Setup in Micro-Precision Cutting
Setup in cutting refers to the work of fixing the material (called “work”) to the machine tool and preparing it for machining. Fixing the material (clamping), paralleling/originating, tool preparation, NC program creation/editing are the setup work. Setup is the main work performed by the operator in cutting. It is a process that requires skill as a processing craftsman, and the quality of this setup greatly affects the processing accuracy.
6 Steps of Setup in Micro-Precision Cutting
1. Fixing the material
Fix the material to the table. There are several standard fixing methods depending on the shape of the material and the processing content. Since there is parallel work of the material, fix it first temporarily. Please refer to the following for the fixing method.
1-2. How to fix the material
There are several standard ways to secure a workpiece to a machine tool.
This is the easiest way to fix the workpiece directly to the table surface using a general-purpose clamp tool. A space is required to hang the tip of the clamp tool on the top of the work. In addition, the clamp tool may pop out from the top surface of the work, which may interfere with machining.
1-2-2. Precision vise
This is a method of fixing the work with a precision vise for machining.
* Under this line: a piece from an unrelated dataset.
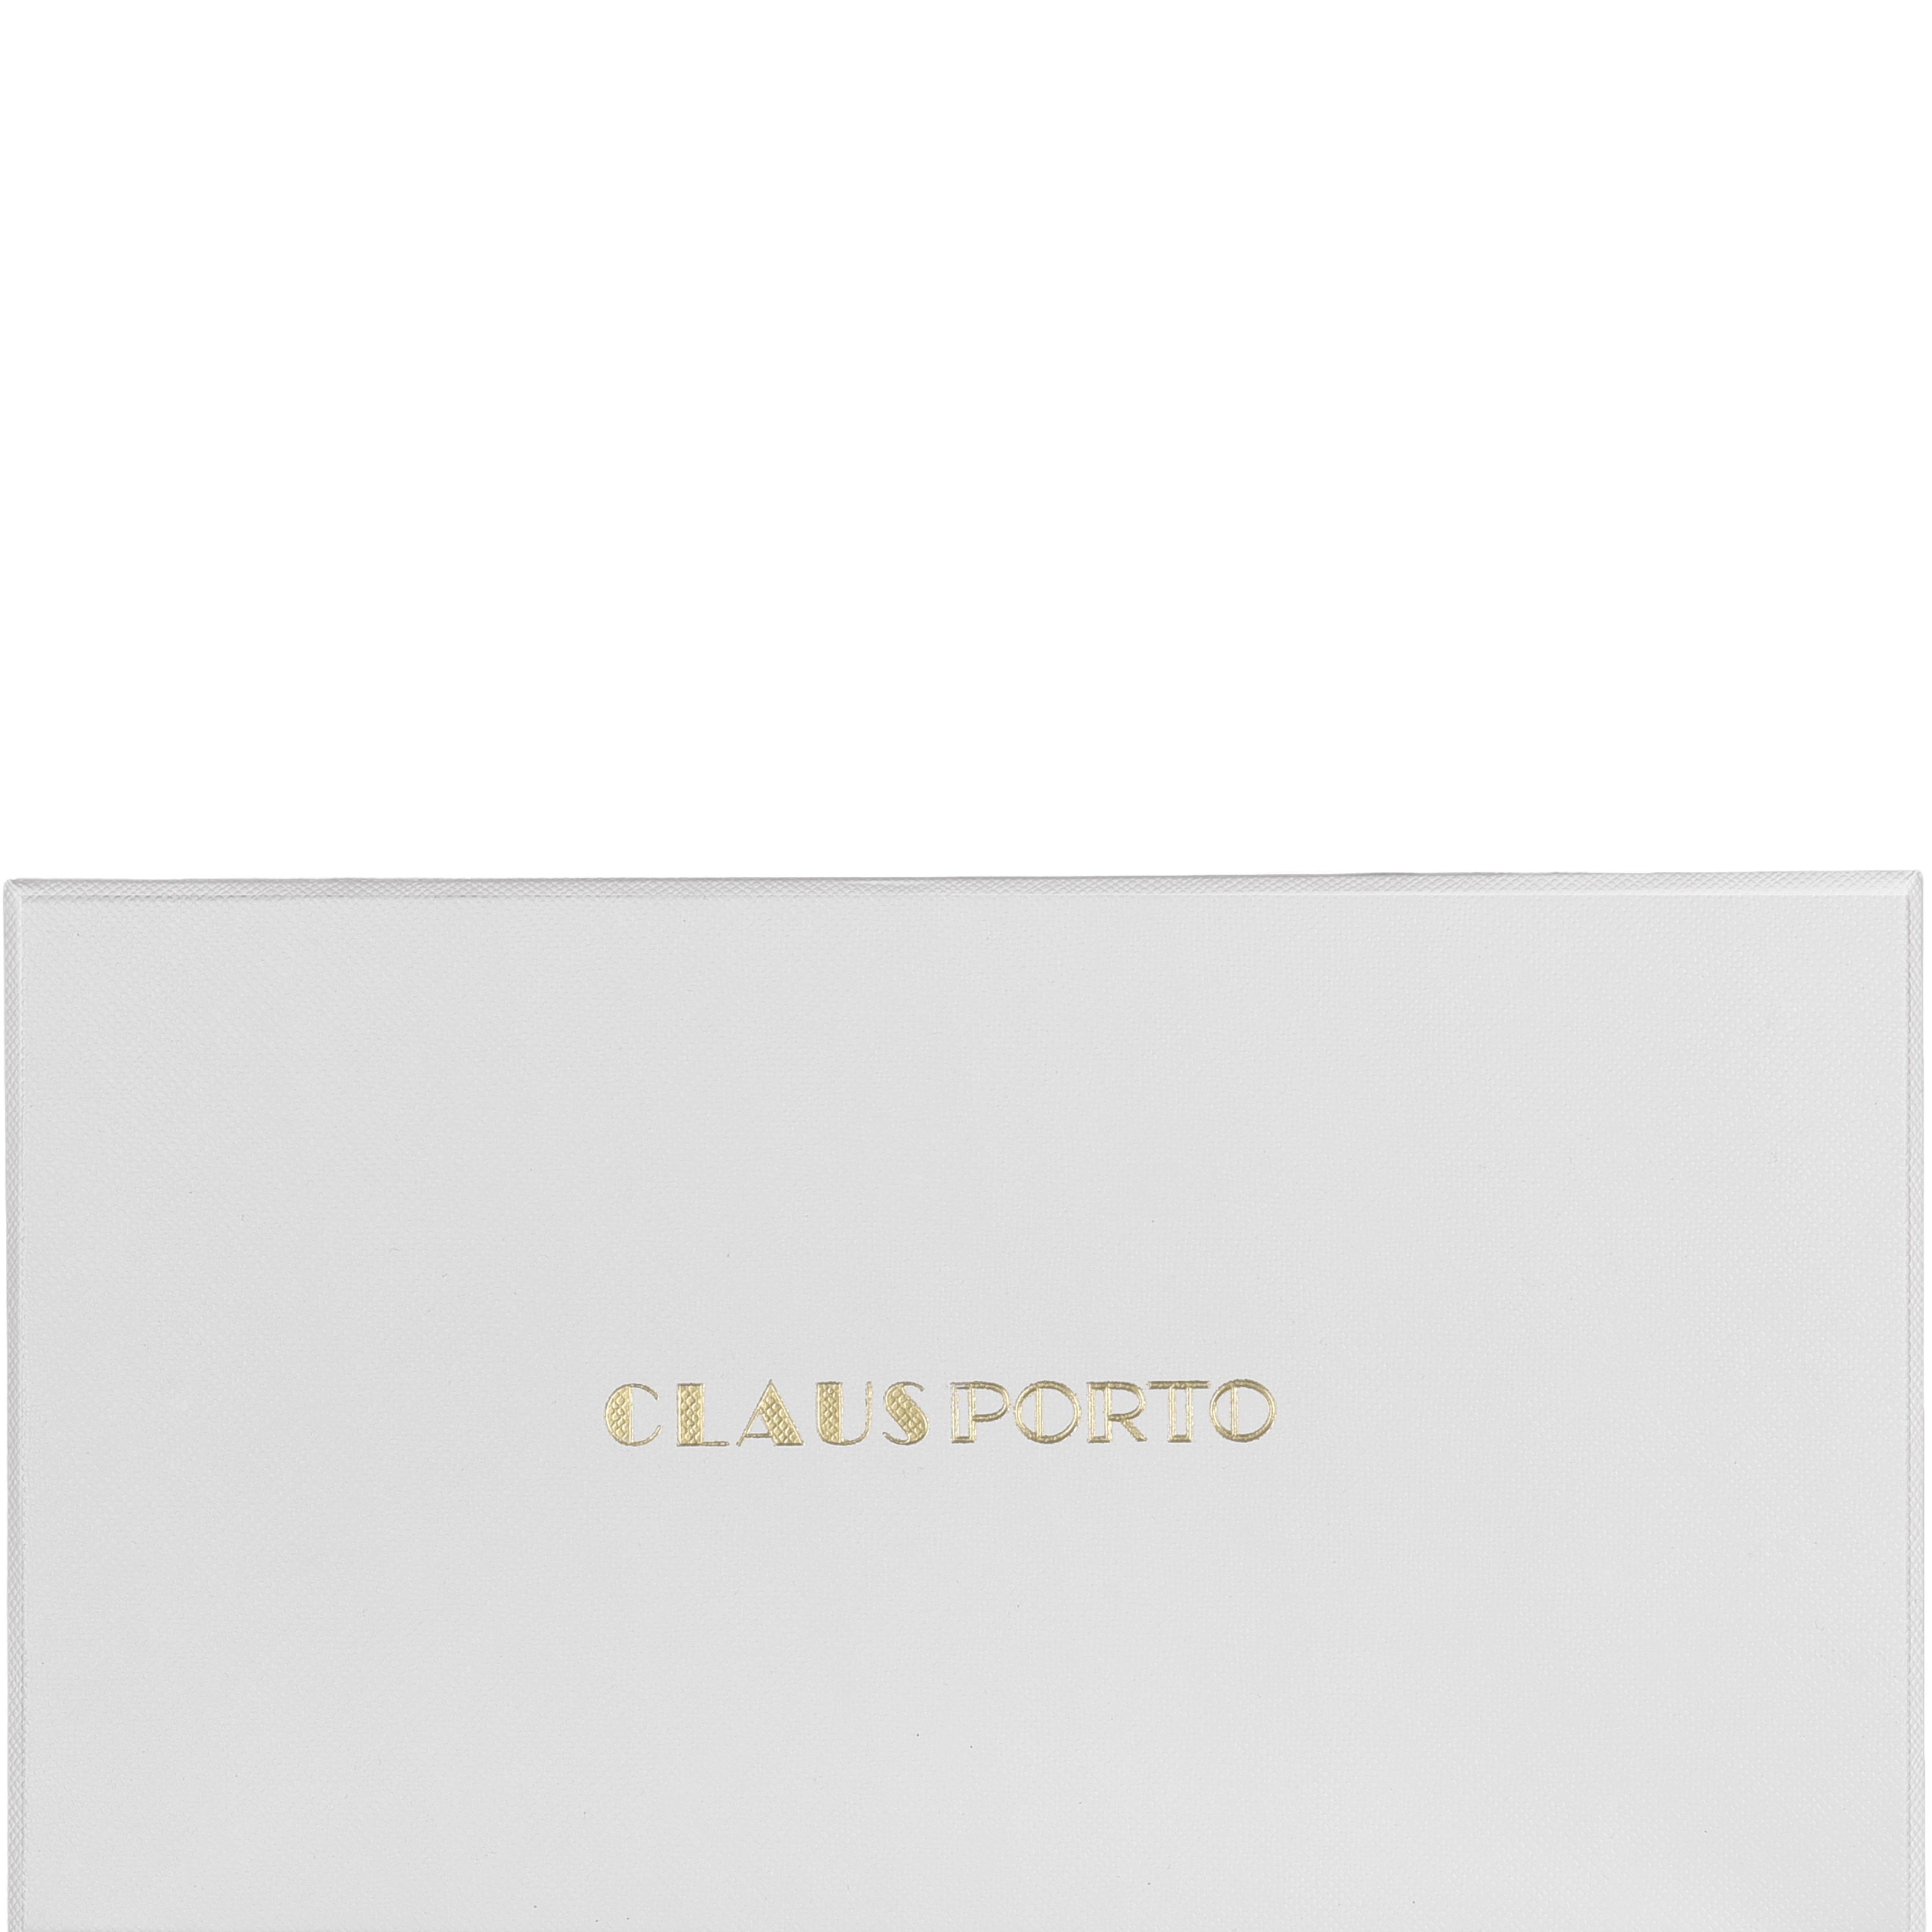 Luxe Gift Box Hand- & Body Soap - Deco

It is possible to open the upper part of the work. Since it is necessary to attach a precision vise to the table and parallelize it, it is larger than fixing with a clamp tool. The work must be shaped so that it can be pinched by the base of the vise. By processing the base of the vise according to the shape, it can be fixed even if it is not flat to some extent.
1-2-3. Scroll chuck
This is a method of fixing the work using the scroll chuck. Convenient for fixing cylindrical workpieces such as round bars.
1-2-4. Jig plate
This is a fixing method that uses a general-purpose jig plate. Since the circumference of the work can be left open, it is useful when the upper part or side of the work needs to be processed. However, a screw hole for attaching to the jig plate is required on the bottom of the work.
2. Parallel output
Align the orientation of the material with the axial direction of the machine tool. A tool called a test indicator is used to measure the deviation of the side of the material. Adjust the tilt of the material so that the memory of the test indicator is within the allowable range, and repeat the measurement of deviation. After adjusting to the allowable range, fully tighten the clamp to completely fix the material piece to the table.
3. Pointing out the origin
Next, using a tool called a point master, the center position of the material is determined and input to the machine tool with that as the origin. The origin setting by the point master is a typical example among many methods. The point master is a mechanism that lights up the lamp and makes a sound when you touch an object. If you hit the point master from both sides of the material and know each point, the midpoint will be the center of the material. Determine the center position of each of the X and Y directions and use it as the origin position.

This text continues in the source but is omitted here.